INPUT DATA.
Start of Block
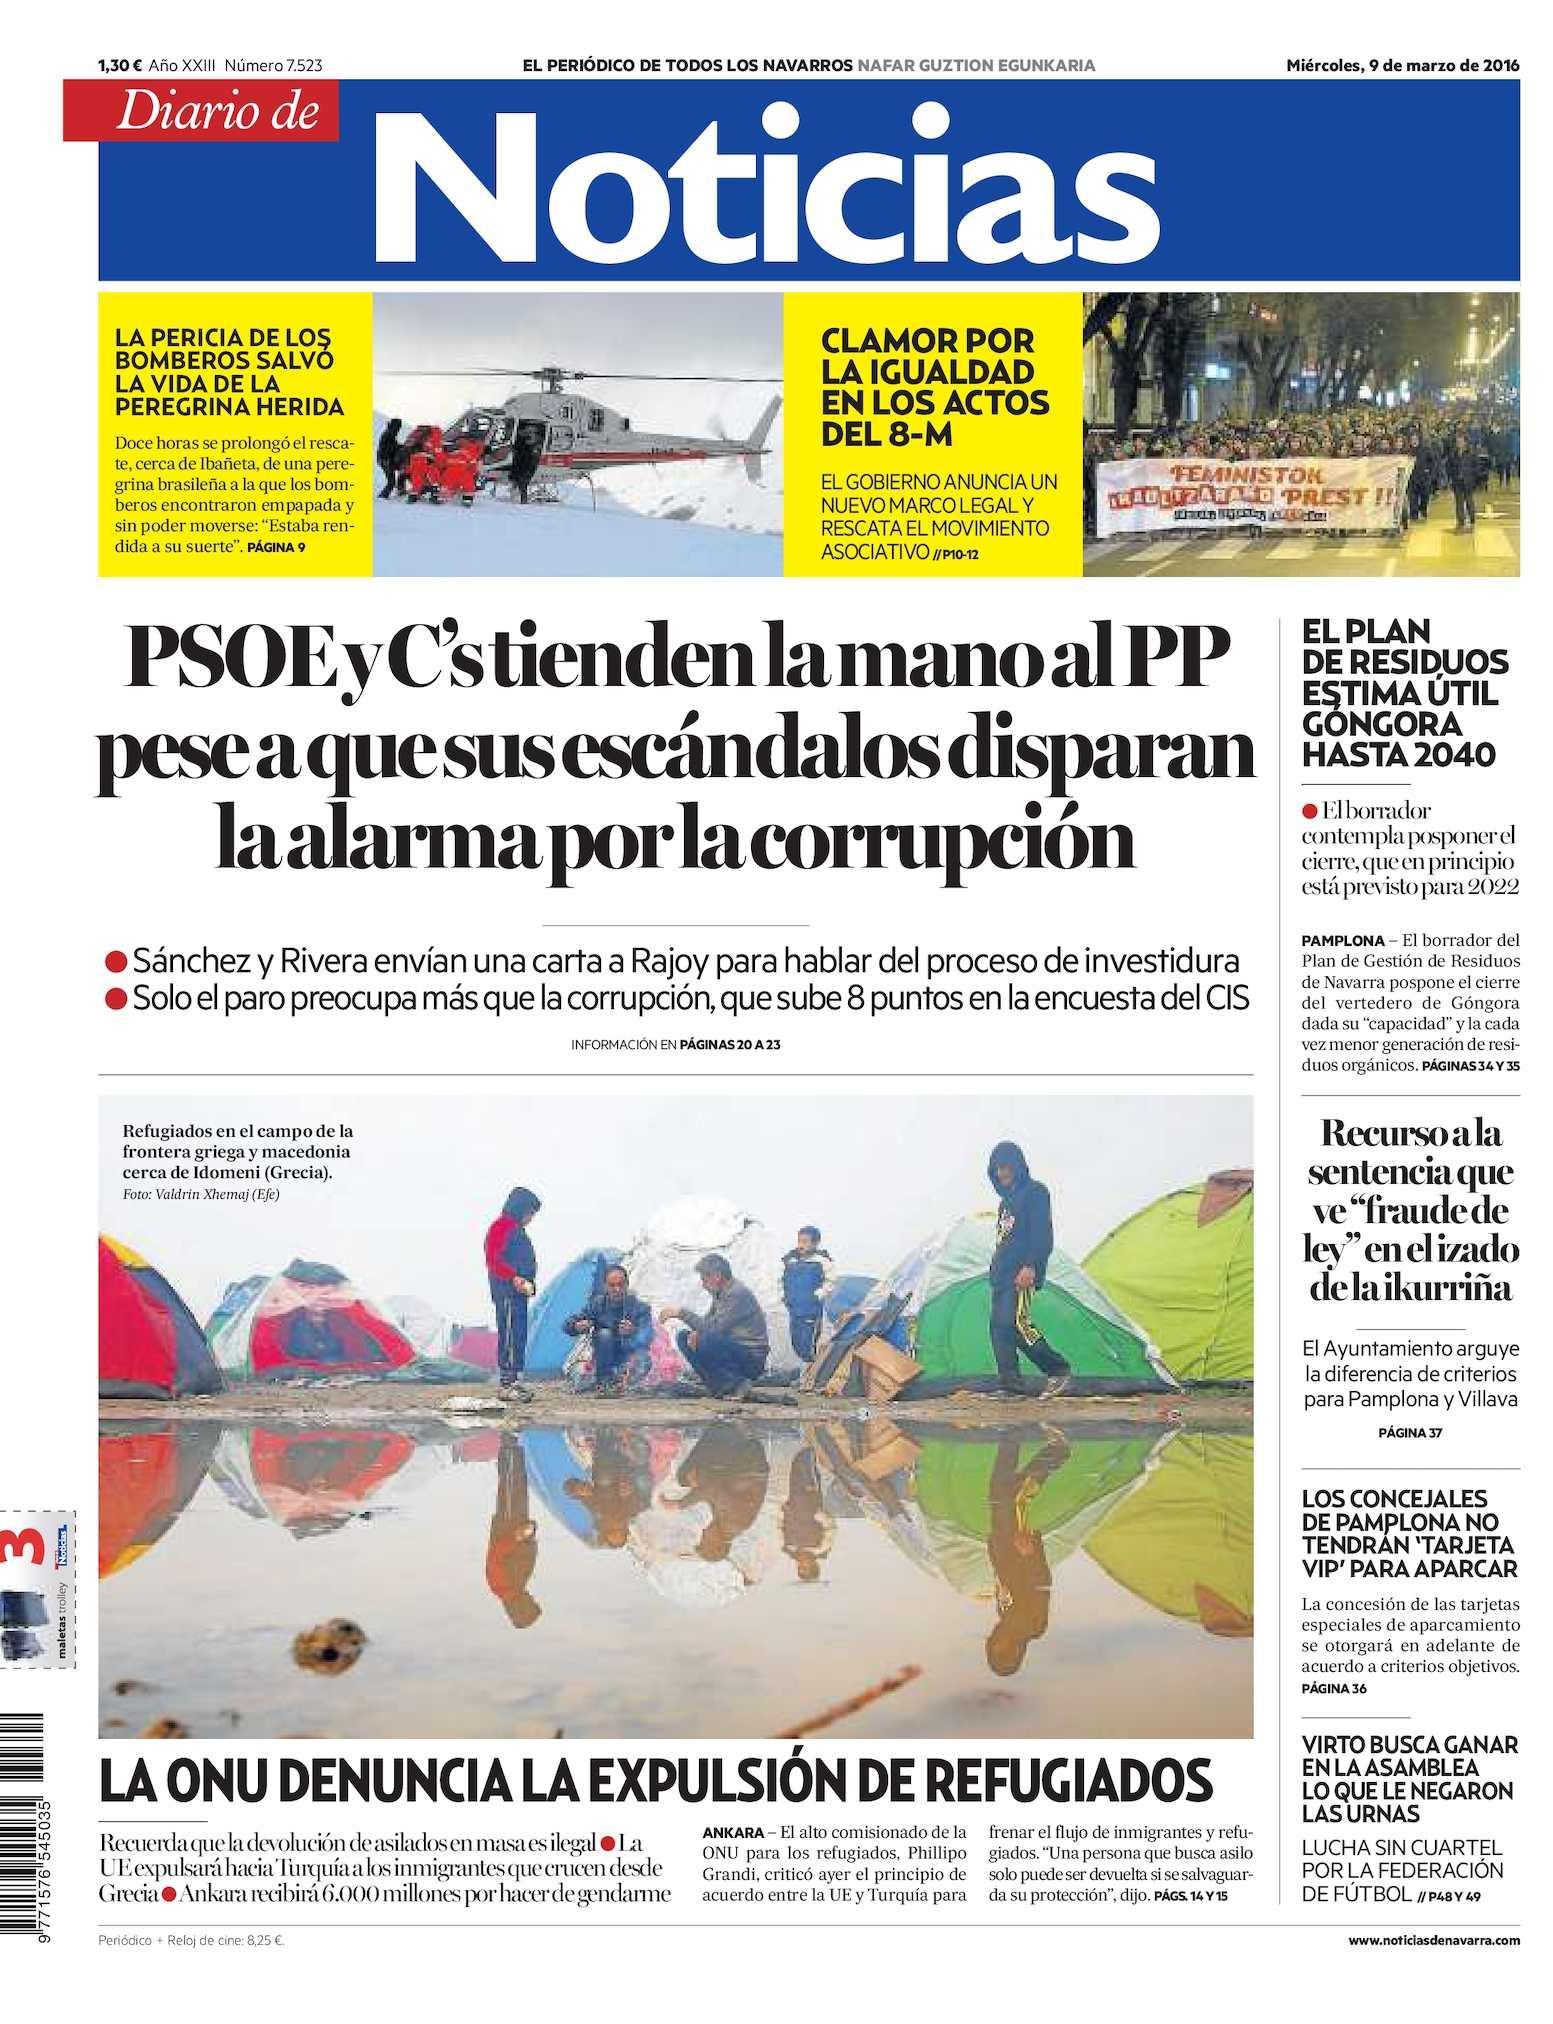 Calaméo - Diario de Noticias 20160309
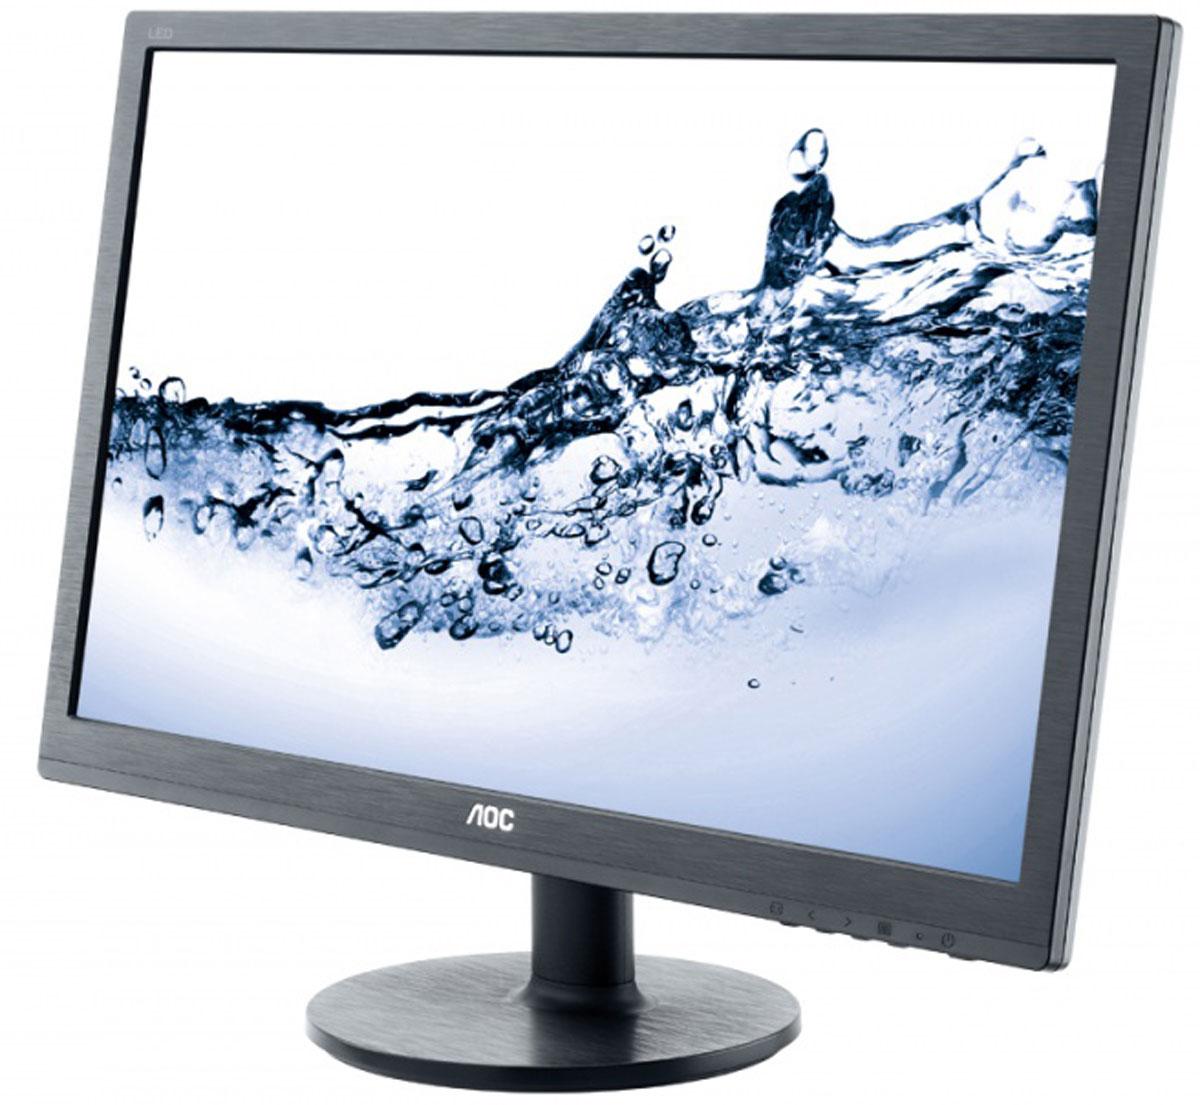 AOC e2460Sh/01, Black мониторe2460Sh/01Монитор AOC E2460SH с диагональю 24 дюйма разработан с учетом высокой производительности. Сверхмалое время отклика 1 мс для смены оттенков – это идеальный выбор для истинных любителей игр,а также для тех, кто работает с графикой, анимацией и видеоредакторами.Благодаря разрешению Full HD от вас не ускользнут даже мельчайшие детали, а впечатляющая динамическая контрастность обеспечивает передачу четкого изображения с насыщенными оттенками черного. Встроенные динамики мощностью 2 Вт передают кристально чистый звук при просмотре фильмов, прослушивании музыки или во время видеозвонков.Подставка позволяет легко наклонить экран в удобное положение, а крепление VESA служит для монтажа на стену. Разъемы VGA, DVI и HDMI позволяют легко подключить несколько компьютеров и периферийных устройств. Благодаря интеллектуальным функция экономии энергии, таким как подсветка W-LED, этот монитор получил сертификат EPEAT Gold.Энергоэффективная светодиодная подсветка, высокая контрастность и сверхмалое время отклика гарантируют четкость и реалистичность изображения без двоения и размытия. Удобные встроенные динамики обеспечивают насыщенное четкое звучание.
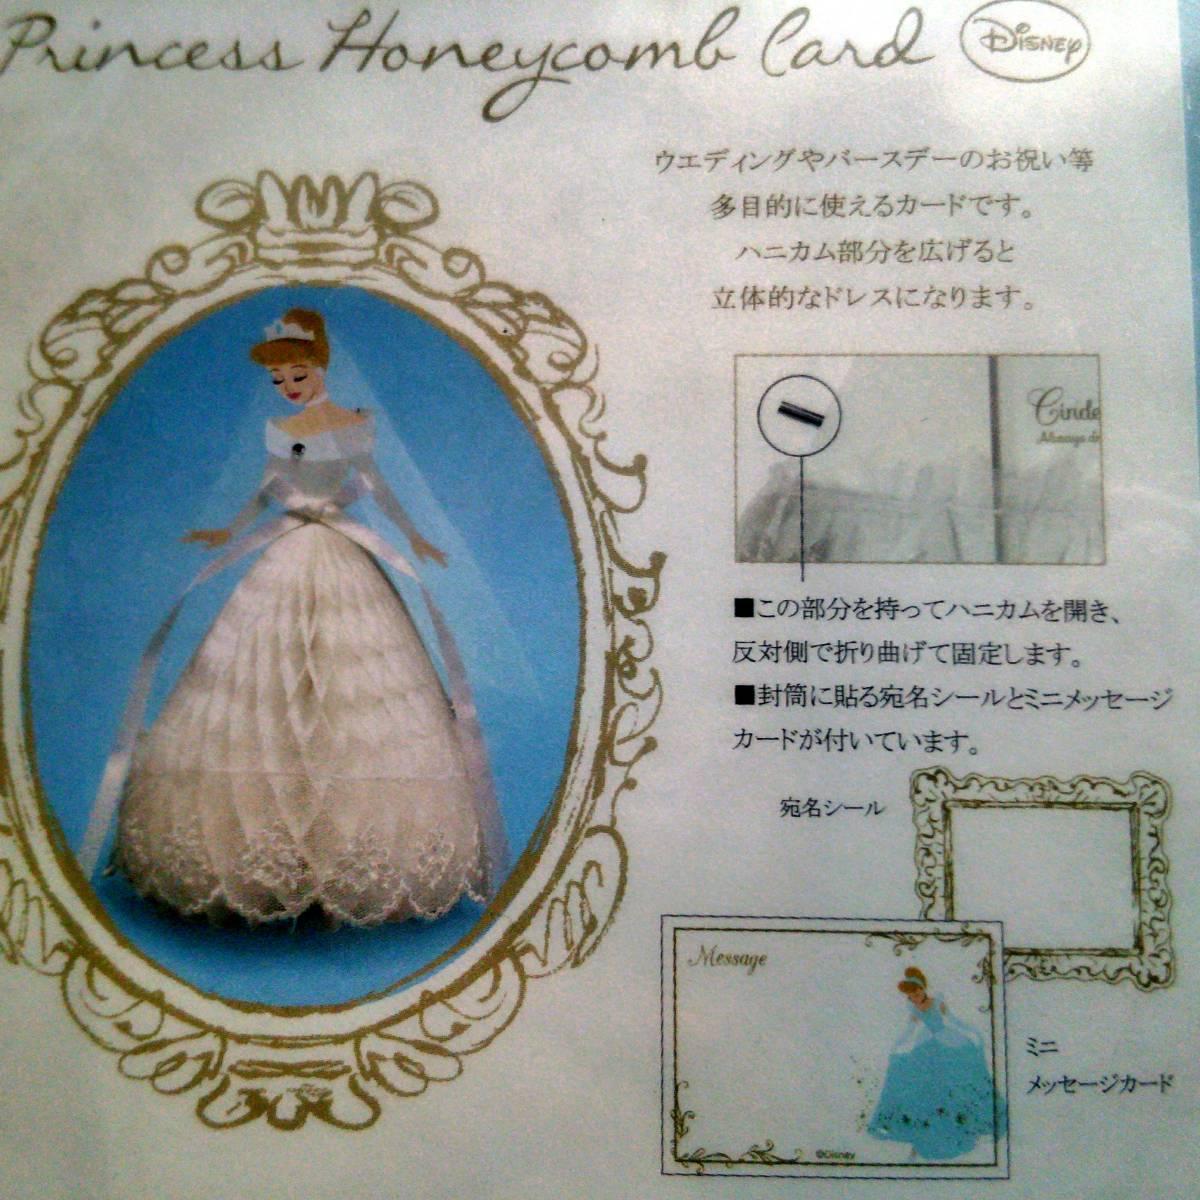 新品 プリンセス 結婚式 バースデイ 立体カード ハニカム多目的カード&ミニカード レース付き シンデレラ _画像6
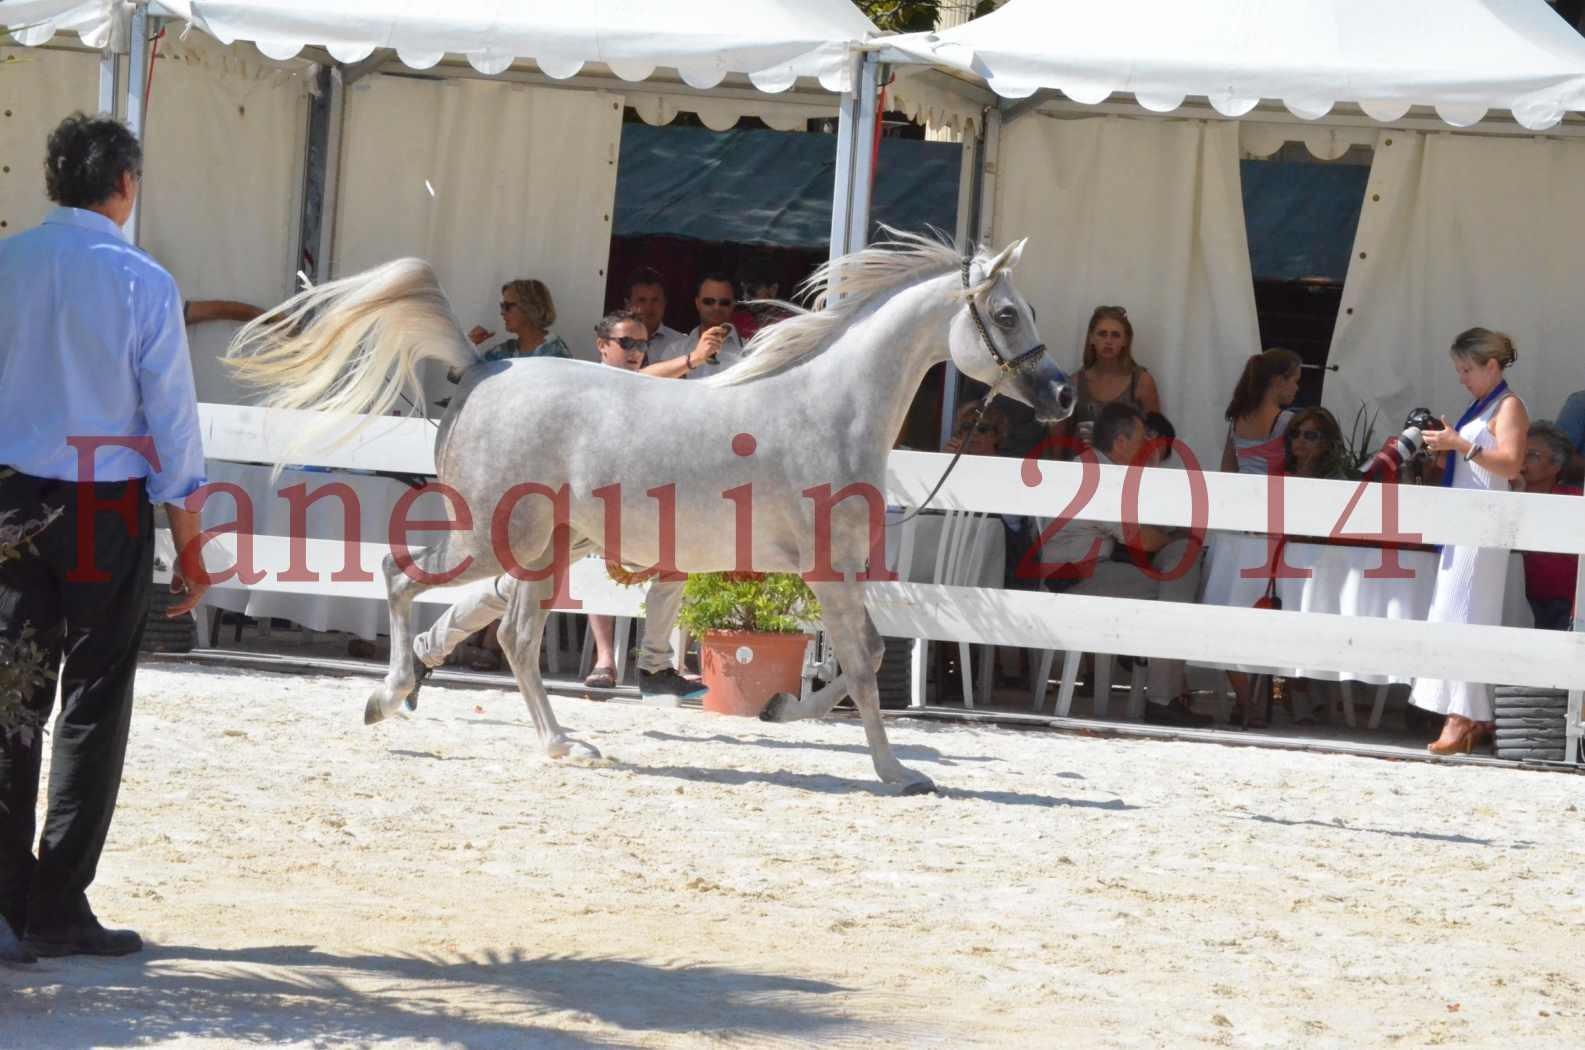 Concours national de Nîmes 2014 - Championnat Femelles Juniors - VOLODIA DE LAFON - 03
End of Block
EXERCISE DIRECTIONS. Output the listing above exactly, but leave its pictures behind.

OUTPUT BELOW.
 Calaméo - Diario de Noticias 20160309
 AOC e2460Sh/01, Black мониторe2460Sh/01Монитор AOC E2460SH с диагональю 24 дюйма разработан с учетом высокой производительности. Сверхмалое время отклика 1 мс для смены оттенков – это идеальный выбор для истинных любителей игр,а также для тех, кто работает с графикой, анимацией и видеоредакторами.Благодаря разрешению Full HD от вас не ускользнут даже мельчайшие детали, а впечатляющая динамическая контрастность обеспечивает передачу четкого изображения с насыщенными оттенками черного. Встроенные динамики мощностью 2 Вт передают кристально чистый звук при просмотре фильмов, прослушивании музыки или во время видеозвонков.Подставка позволяет легко наклонить экран в удобное положение, а крепление VESA служит для монтажа на стену. Разъемы VGA, DVI и HDMI позволяют легко подключить несколько компьютеров и периферийных устройств. Благодаря интеллектуальным функция экономии энергии, таким как подсветка W-LED, этот монитор получил сертификат EPEAT Gold.Энергоэффективная светодиодная подсветка, высокая контрастность и сверхмалое время отклика гарантируют четкость и реалистичность изображения без двоения и размытия. Удобные встроенные динамики обеспечивают насыщенное четкое звучание.
 新品 プリンセス 結婚式 バースデイ 立体カード ハニカム多目的カード&ミニカード レース付き シンデレラ _画像6
 Concours national de Nîmes 2014 - Championnat Femelles Juniors - VOLODIA DE LAFON - 03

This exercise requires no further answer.